* _PROVIDED DATA_
__________
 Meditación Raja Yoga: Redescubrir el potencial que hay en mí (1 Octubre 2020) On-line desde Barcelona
__________
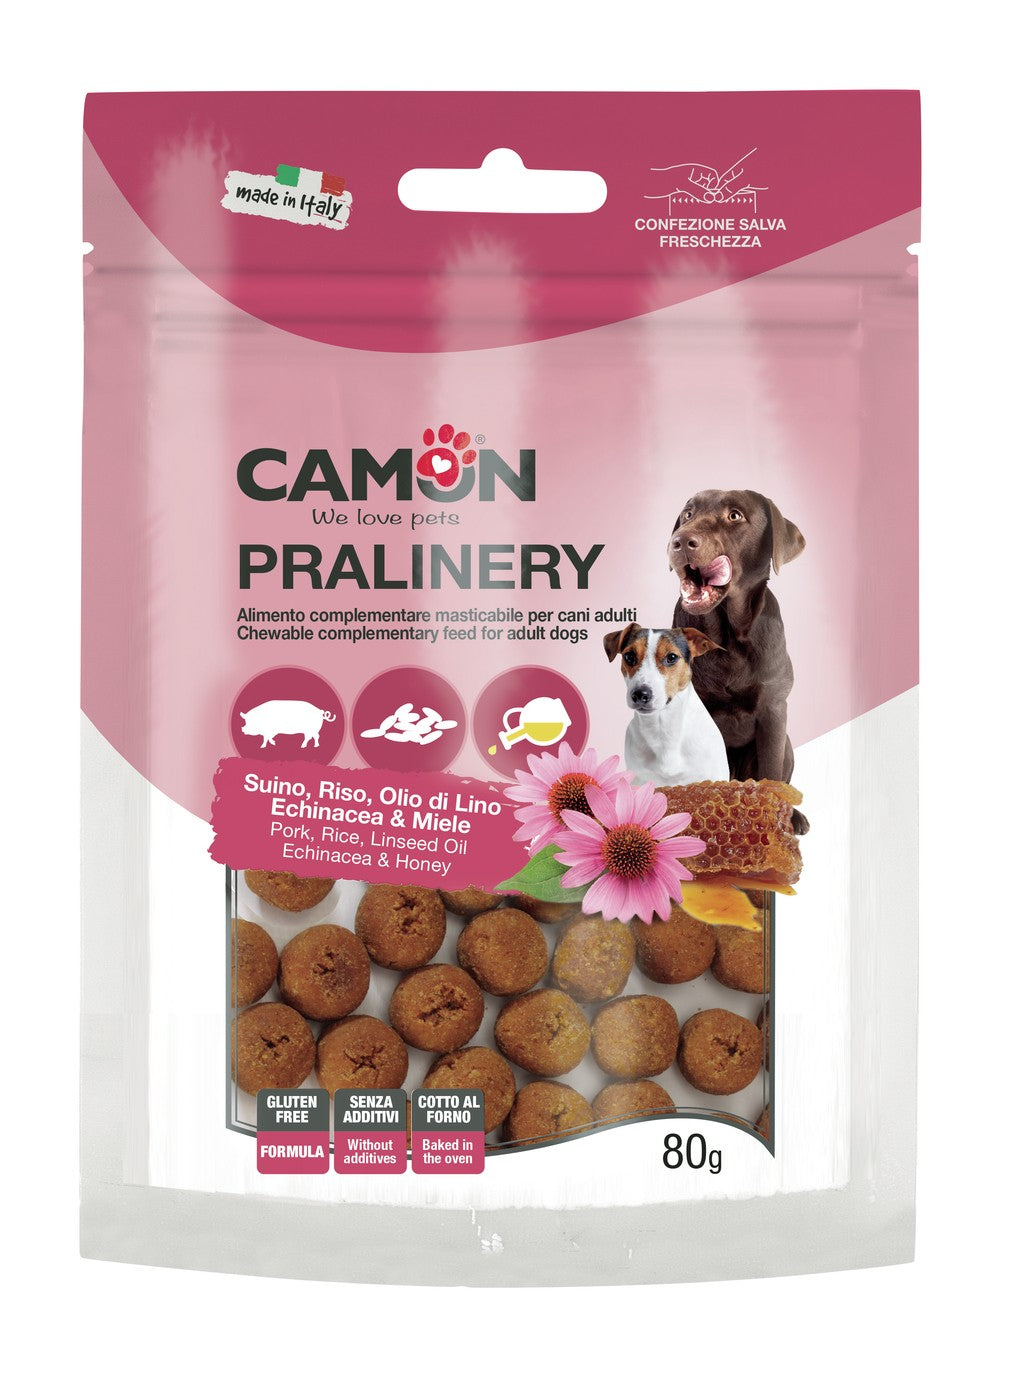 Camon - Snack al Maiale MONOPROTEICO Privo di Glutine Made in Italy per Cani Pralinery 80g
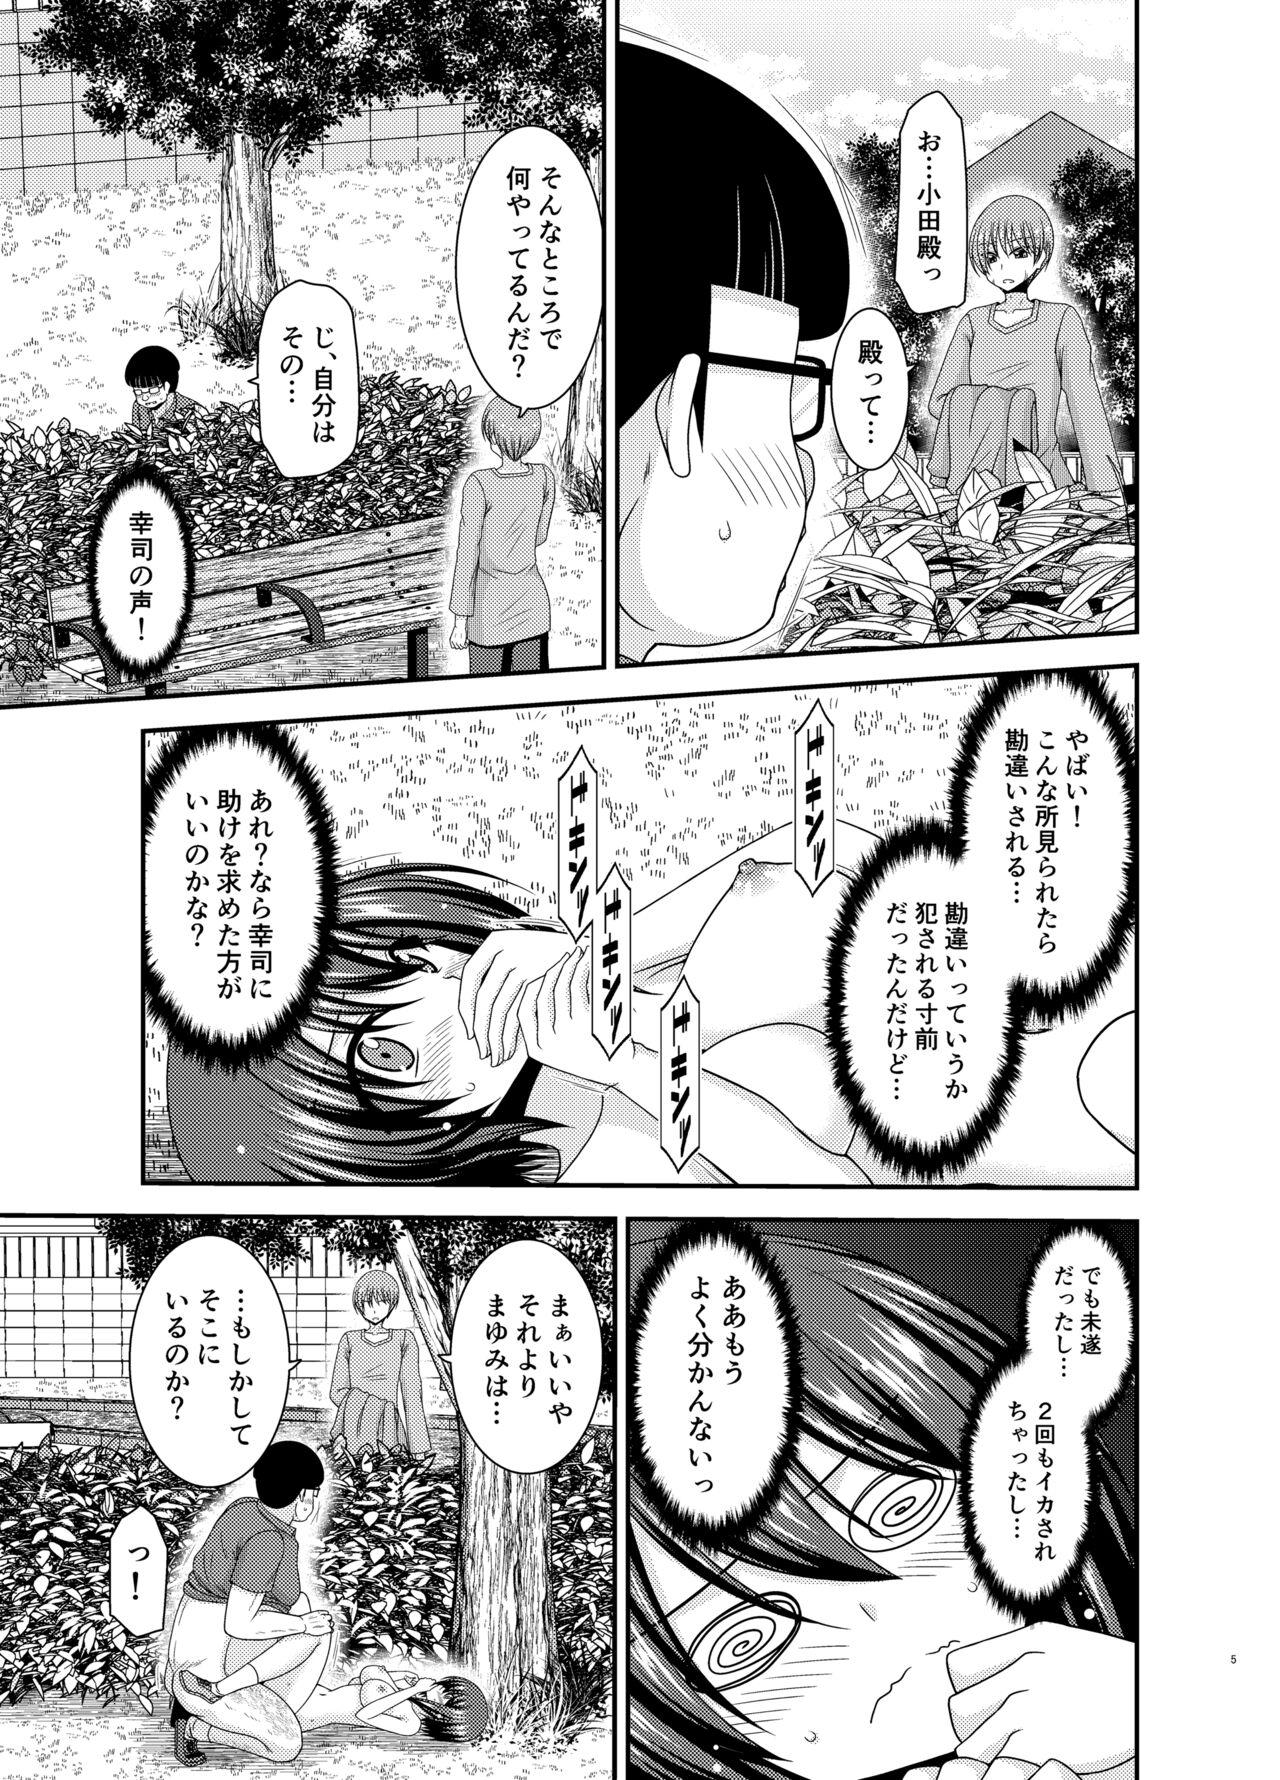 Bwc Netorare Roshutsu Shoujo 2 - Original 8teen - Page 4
__________
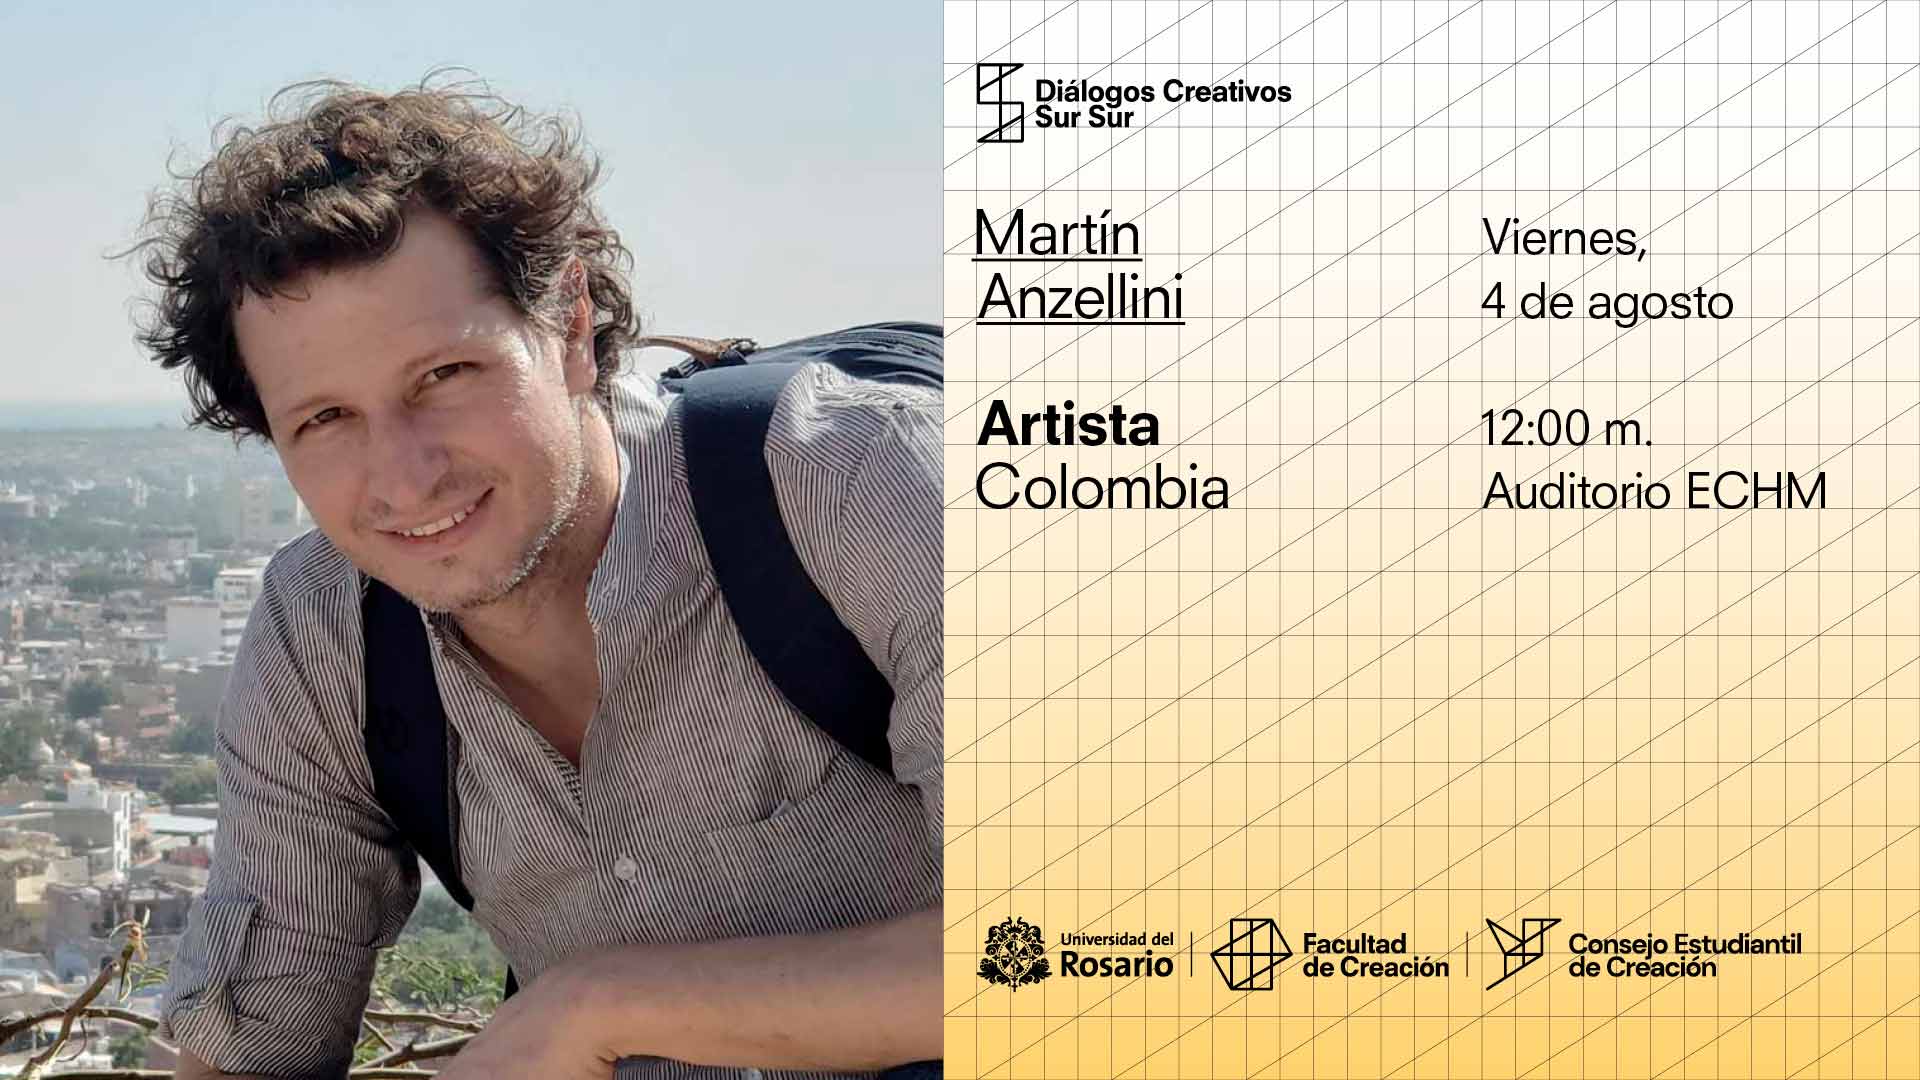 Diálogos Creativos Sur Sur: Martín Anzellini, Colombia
__________
* _EXERCISE_
For the entries above, print exactly the lines between the one with "Camon - Snack" and the one with "Bwc Netorare Roshutsu", inclusive, with no pictures.

* _EXPECTED ANSWER_
 Camon - Snack al Maiale MONOPROTEICO Privo di Glutine Made in Italy per Cani Pralinery 80g
 Bwc Netorare Roshutsu Shoujo 2 - Original 8teen - Page 4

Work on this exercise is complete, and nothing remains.